While upstream software applications tend to be highly scientific and complex, Al-Yahya says new computing technologies are making applications easier to use. “A complex application does not have to have a complex interface,” he holds. “Simpler interfaces support collaboration between geographically dispersed experts and across disciplines.”
Automation is an important step toward reducing interface complexities. Al-Yahya points out that processing algorithms at the front end of seismic analysis have automated removing survey footprints and tracking geologic feature. “Artifacts introduced by sources and receivers during acquisition are automatically removed, substantially relieving the burden on interpreters who used to spend hours meticulously correcting the data,” he notes. “Geologic features are identified automatically, allowing interpreters to navigate through dips, staying on a specific feature even through complex geology.”
These and other automated capabilities save time and help interpreters avoid mental fatigue. “If you spend all your time picking features, there is no time or energy left for analysis,” Al-Yahya observes.
In geostatistical applications, generating and evaluating multiple realizations used to be a processing bottleneck. But processing time has been shortened dramatically by harnessing multiple central processing units, and ranking tools help interpreters sift through hundreds of plausible realizations looking for the most probable, Al-Yahya continues.
“Interpreters focus their energies on adding insight to the process and make adjustments to the initial automated ranking. In this way, technology and interpreter skills are both optimized, leading to improved reservoir characterization,” he concludes.
Software As A Service
Lower computing infrastructure costs enables operators to measure well performance and manage facilities more efficiently, says Oscar Teoh, vice president of operations at iStore. At the same time, easy-to-adopt-and-use devices have become ubiquitous, and users are accustomed to accessing applications using them. This combination of new measures and new access technologies has led to the desire for software as a service (SaaS) applications, he adds. SaaS apps are available over the Internet and simplify the process of distributing access to data.
This new generation of applications fosters collaboration, putting people literally on the same page for tasks ranging from monitoring well performance to forecasting and economics. “Every aspect of operations can be improved with greater access by people in the field and head office,” Teoh says. “Another side of this is the crew change we have been going through,” he adds. “We need to build a wider network of collaboration to keep the expertise available.”
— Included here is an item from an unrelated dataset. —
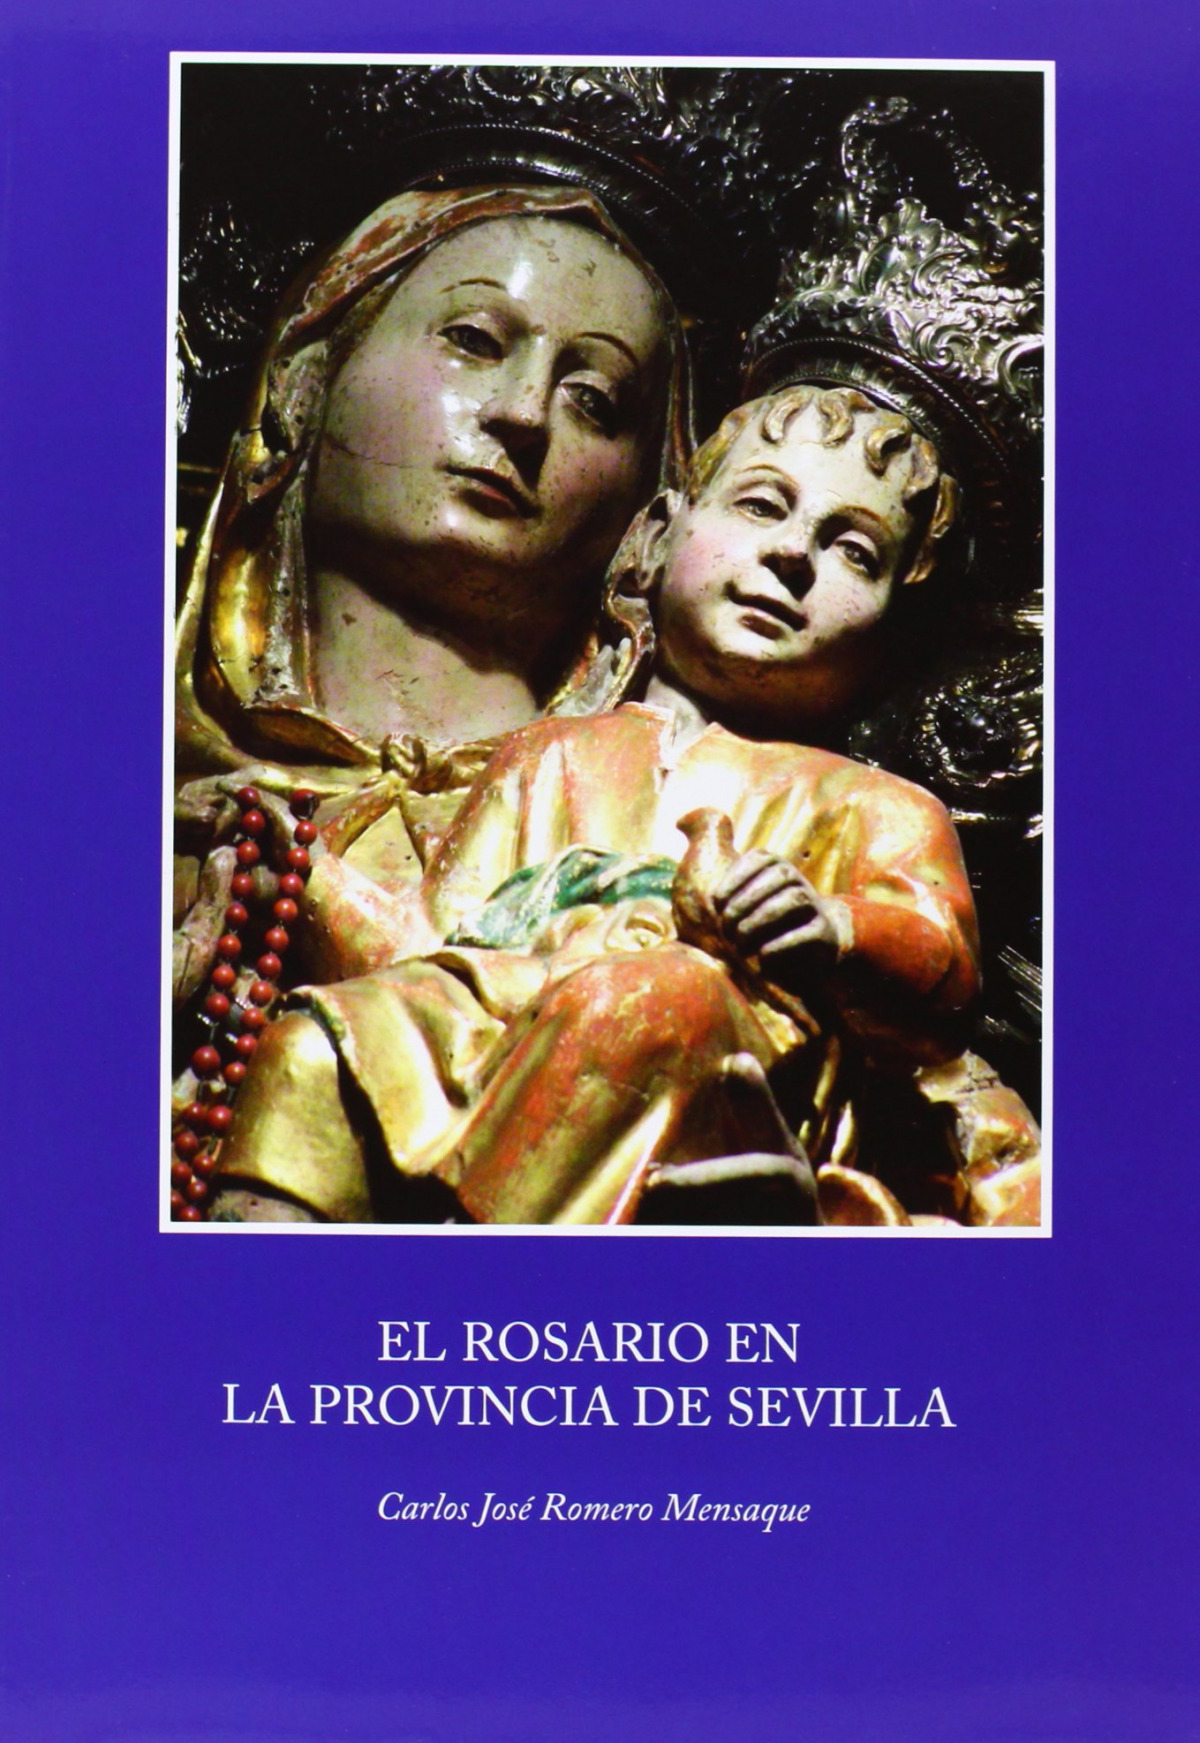 El rosario en la provincia de sevilla - Mensaque, Romero

One of the key concepts of SaaS is that it brings the work to people, not the people to work. “When you have this efficiency, the return on investment is high because you do not need a full-time expert. Instead, you have people that you can federate as needed,” explains Teoh.
SaaS also enables users to choose the tool appropriate to them. “Tablets, desktops and collaborative spaces are simply tools that can be used for the right occasion,” he says. “What used to be available on specialized systems is now available on common devices such as smart phones. For example, 3-D images that used to cost millions and require immersive visualization rooms now are available easily through the Internet on affordable platforms that enable users to easily interact with and manipulate subsurface views, such as producing formations and wellbore locations.”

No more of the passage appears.